Accelerating AI development with Red Hat Services
Artificial intelligence (AI) is powering a new era of productivity across industries, and companies need to find the right use cases to give them a competitive edge. With Red Hat® OpenShift® AI and Red Hat Enterprise Linux® AI, companies can more easily develop, test, and run AI-enabled applications across hybrid cloud environments. However, navigating this emerging technology in the most cost-effective and impactful way can be challenging. Here are 4 lessons from customers who all worked with Red Hat Services to accelerate their AI strategies.
1. Automate to accelerate AI adoption
A common pain point experienced by customers when it comes to deploying AI is engaging and empowering the right people to collaborate and innovate at scale. Some customers have more than 100 data scientists developing and testing AI and machine learning (ML) models before passing them to IT teams for deployment. The user experience is often impacted by a lack of easy access to compute resources and—on top of this—workstations that are complex to use. This can be frustrating, unproductive, and slow for everyone.
To improve this, customers are adopting a self-service approach for data scientists and developers, using existing technologies and skills as much as possible. Red Hat Enterprise Linux AI offers a low barrier of entry for AI experimentation while OpenShift AI allows self-service deployment to automate data science pipelines and ease resource consumption. This empowers data scientists to take greater ownership over their AI projects and increases efficiency, leaving teams more time to focus on their main responsibilities.
How Red Hat helps: Red Hat Consulting embeds experts within customer IT teams to provide leadership, mentorship, and advice on how to maximize the effectiveness of existing skills and architecture. For one customer, Red Hat consultants recommended that developers use the Java Quarkus programming language they were already familiar with, rather than learning Python.
2. Eliminate technical barriers to reduce time to market
Organizations need the right AI foundation in place to reduce time to market and scale up development and deployment. Customers might invest in the latest technologies but often need support and advice on how to best use them for their specific needs.
Red Hat Enterprise Linux AI provides a stable operating system with all the functionality companies need to experiment with AI. It also makes AI more cost-effective and more accessible with preconfigured AI packages, smooth integration with DevOps tools, and the high performance levels that AI workloads require. OpenShift AI, with features like smart scaling to save time and costs, can be integrated with Red Hat Ansible® Automation Platform to speed up model development and testing.
With these technologies, the time to push images to production can be reduced—in the case of one particular customer, from 2 months to a few days. OpenShift AI can be combined with Red Hat Developer Hub to support collaboration throughout the development process.
How Red Hat helps: Red Hat Services simplifies installations with expert advice. They build strong relationships to understand a customer’s architecture and how best to optimize it, guiding future rollouts through workshops and proofs of concept.
InstructLab—an open source project included with Red Hat Enterprise Linux AI that improves the alignment of large language models (LLMs)—is also empowering organizations with minimal ML experience to start working with AI.

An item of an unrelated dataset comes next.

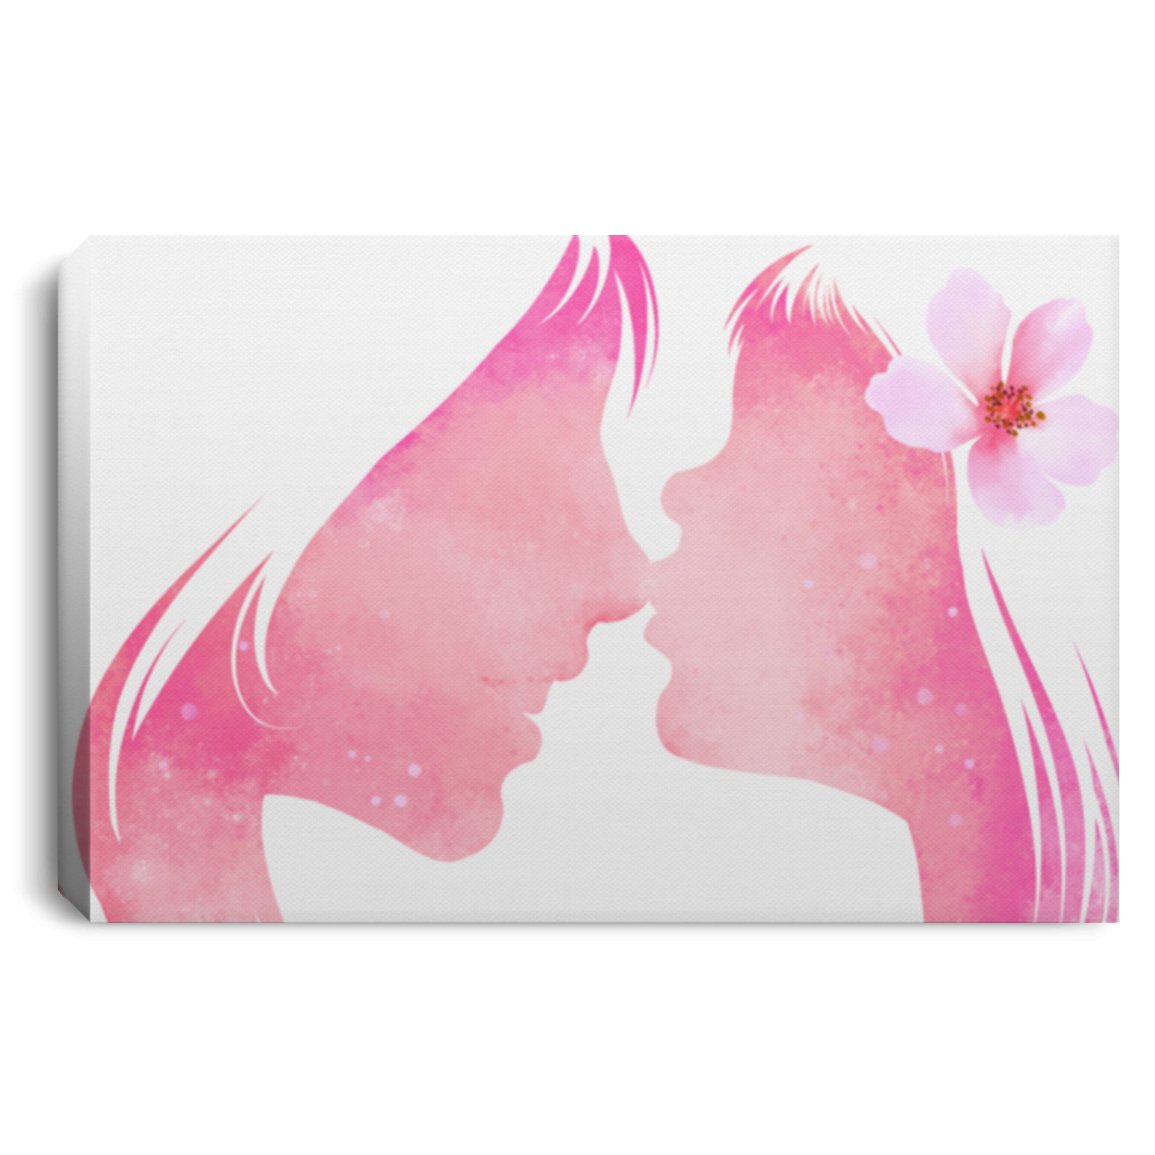 Living in Color Love Mommy & Daughter Collection - Sweet Sentimental GiftsLiving in Color Love Mommy & Daughter CollectionWall ArtCustomCatSweet Sentimental Gifts1215-12660-101751858-57145Living in Color Love Mommy & Daughter Collection12" x 8"WhiteMy Mommy...KissUS108392435NaN

3. Unlock the full value of AI faster
Knowing the right processes to automate with AI can be the difference between making real productivity gains and merely following the AI trend.
For example, Red Hat AI has been used to augment an app to help staff search knowledge articles from Slack to find fast resolutions to issues without raising a support ticket. This was achieved by deploying retrieval augmented generation (RAG) and generative artificial intelligence (gen AI) in Red Hat OpenShift, whereby an LLM generates synthetic data based on the information it is given from data storage solutions like Red Hat Data Services.
Another use case that was invaluable to one company was improving the reliability of predictive analytics with AI to make numerous departments more productive while delivering better employee and customer experiences.
How Red Hat helps: By working closely with development teams, Red Hat Services has combined insights into customers’ goals and their environments with AI expertise to offer trusted advice on areas that will deliver results.
Through proofs of concept, Red Hat Services has empowered teams to continue exploring OpenShift AI, and tight feedback loops between Red Hat and its customers have resulted in the sharing of mutually beneficial insights, which help to continuously improve the use of AI.
4. Collaborate with trusted experts
A lack of shared expertise and teams working in isolation can hinder AI projects. This is a common challenge in every customer project and, once addressed, a culture of collaboration and knowledgesharing can speed up development. It is beneficial for customers to hear different perspectives, learn best practices, and challenge their preconceptions about AI.
How Red Hat helps: Red Hat Services has the flexibility to tailor support for different needs.
- Helping teams to define clear roles and responsibilities through support and mentorship
- Running workshops to define project goals and outcomes, mapping a pathway to achieving them with the aid of a prepackaged Open AI/ML platform framework to guide a customer’s transformation
- Helping customers build their own AI centers of excellence (CoE)
Red Hat Services can also provide one-to-one mentorship over a shared screen with tailored training and enablement around topics such as distributed workloads, Kubernetes containers, GitHub, and virtual LLMs.
Red Hat’s ongoing support, including daily standups, documentation, and diagrams, has helped customers learn sustainable skills and feel confident leading their in-house AI projects in the future.